Я протянула ему собственное запястье.
— Тебе не нужно ничего…
— Но я хочу.
Я отобрала у него нож и сама порезала себе руку. Мы сложили их, рана к ране, кровь к крови. Микаш обмотал вокруг наших запястий веревку узлом, а потом обрезал, оставив каждому по петле. Так женятся мануши-кочевники, свободные от обязательств перед обществом и жрецами.

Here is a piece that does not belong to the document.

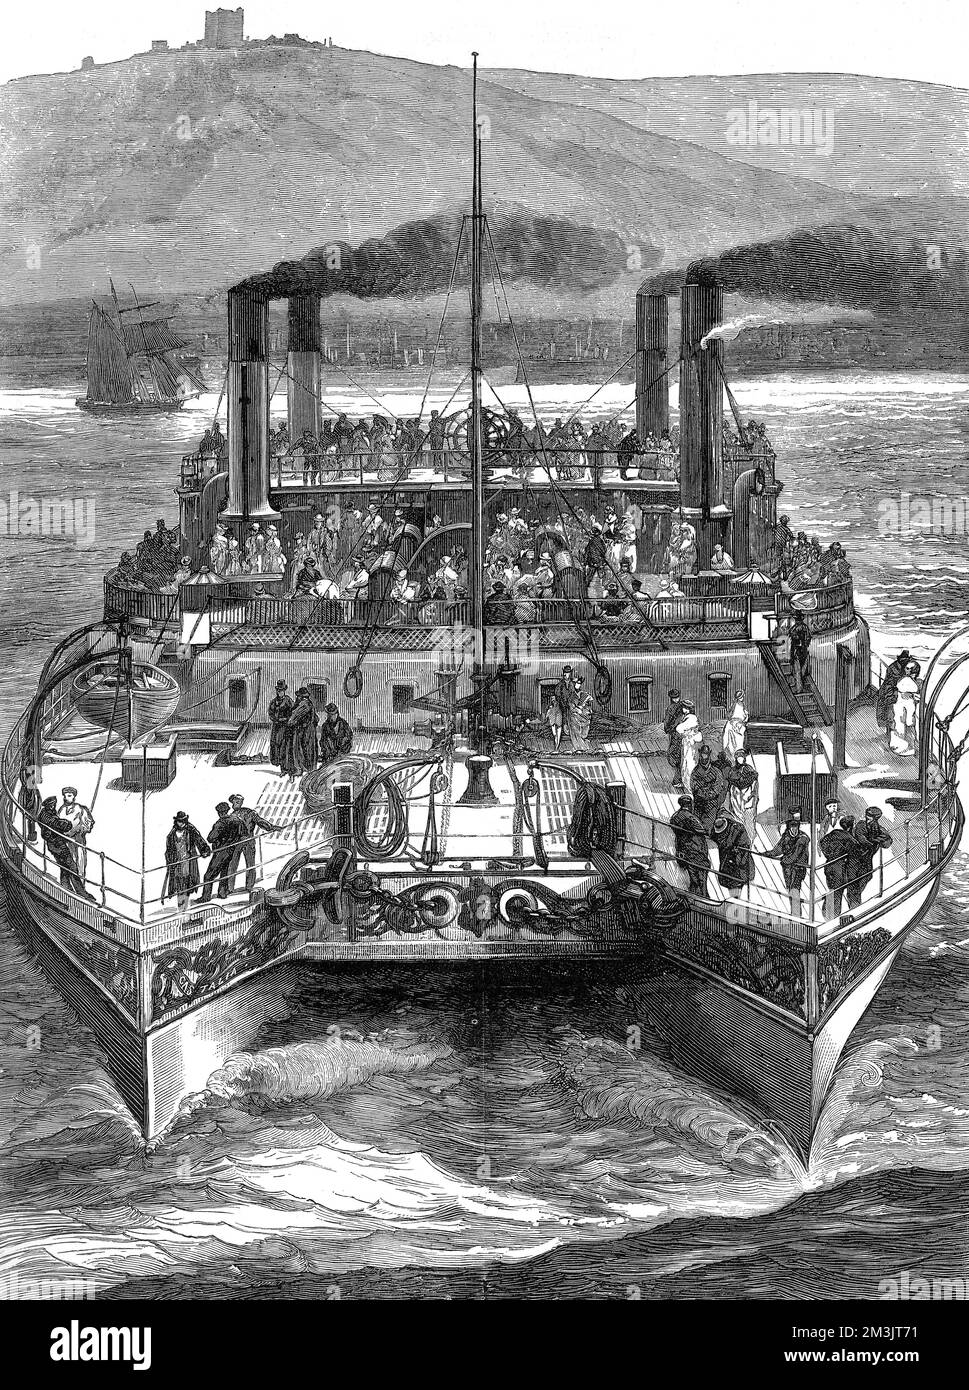 Bateau à vapeur à deux roues, « Castalia », qui quitte Douvres pour Calais, en août 1875. Construite en 1874 pour la Channel Steamship Company anglaise, sa conception radicale était destinée à améliorer la stabilité et le maintien de la mer. Cependant, la conception n'a pas été un succès et elle a été vendue, en 1883, à la Metropolitan asiles Board pour servir d'hôpital flottant sur la Tamise. 1875 Banque D'Images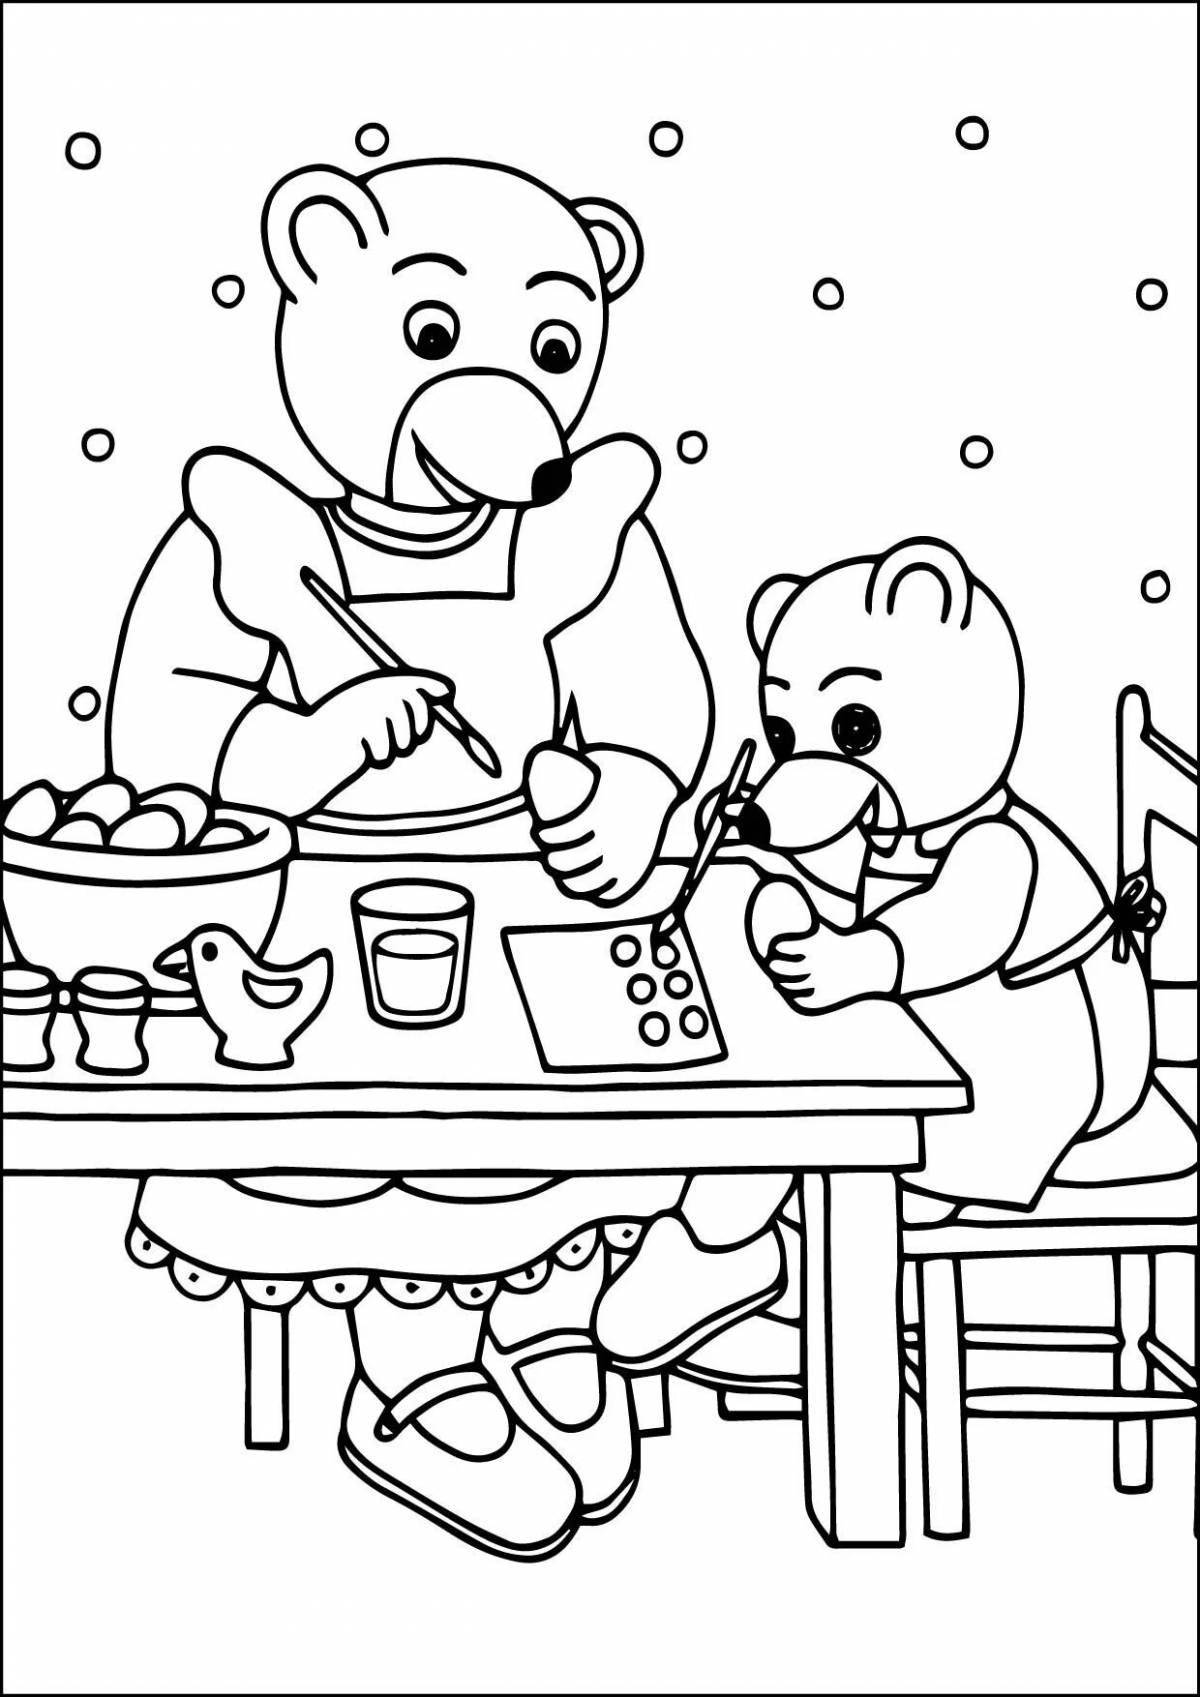 Веселые три медведя раскраски для детей

Микаш отвернулся, чтобы спрятать нож и остатки веревки. Но это было так мучительно долго. Я не выдержала: набросилась на него сзади, принялась расстегивать рубашку и стягивать штаны. Попутно целовала, где могла достать: спину, плечи, шею. Прижималась к его обнаженному телу и чувствовала его мелкую дрожь. Тянула к кровати. Быстрее, потому что все внутренности уже наливались жаром, в голове колыхался кисель, и так нестерпимо хотелось пережить это вновь. От предвкушения становилось трудно дышать. Я сама себя не узнала и не помнила даже. Нескромные поцелуи, немыслимо дерзкие, в губы, все глубже, обследуя языком, терзая зубами. Вдавливалась в его тело своим, полосуя ногтям спину, желая отыскать вожделенное единение. Но… после первых мгновений удивленного оцепенения Микаш как будто очнулся. Стал собой: неуправляемым, грозным, сильным. Одним движением столкнул меня с себя, опрокинул на спину и навалился сверху, прижимая руки и ноги к кровати, не позволяя пошевелиться. И целовал сам, касался. Невероятно, мучительно медленно. Как будто изучал, пробовал на вкус, смаковал, запоминал каждую пядь обнаженного тела, отмечал поцелуем и прикосновением. Как будто нервы вместе с кишками на катушку наматывают, превращая каждый вздох, каждое движение в агонию. Я дергалась, пыталась дотянуться до него, заставить действовать быстрее, делать, что я хочу, но он держал, спокойно и буднично, показывая, что сопротивление бессмысленно. Продолжал сладкую пытку, не обращая внимания на мои стоны и извивания. Целовал, засасывал нежную кожу. Руками мял грудь, перекатывая соски между пальцами, заставляя их твердеть и болезненно стягиваться. Шершавый мокрый язык скользил по животу, кружил вокруг пупка, спускался ниже. И я уже не могла ничего, только сдавленно ахать и охать, пока он бередил раскаленный осколок в бутоне моего цветка, истекавший соком. Простыни мялись и колыхались под моей спиной, с штормовым ветром в ушах всплывало темное марево. Микаш замер. Через мгновение его лицо оказалось на уровне с моим. Он коротко поцеловал в губы и коснулся своим лбом моего, впуская в собственные мысли. И я чувствовала. Бесконечное восхищение, спирающий дыхание восторг, воспламеняющее кровь в жилах желание, мечты, сны, повторяющие то, что он делал со мной за мгновение до этого. Видения ослепительно-белого света, манящего теплом и чистотой. Сладкие запахи луговых цветов. Море, неистовое, клокочущие, погребающее под сокрушительными валами безумной, не знающей никаких преград и условностей любви.
— Ты это хотела почувствовать? — спросил он сквозь тяжелое дыхание.
— Да! Да! — мучительно вырывала из себя звуки, потому что знала — малейшее сомнение, и он отступит, ускользнет сквозь пальцы.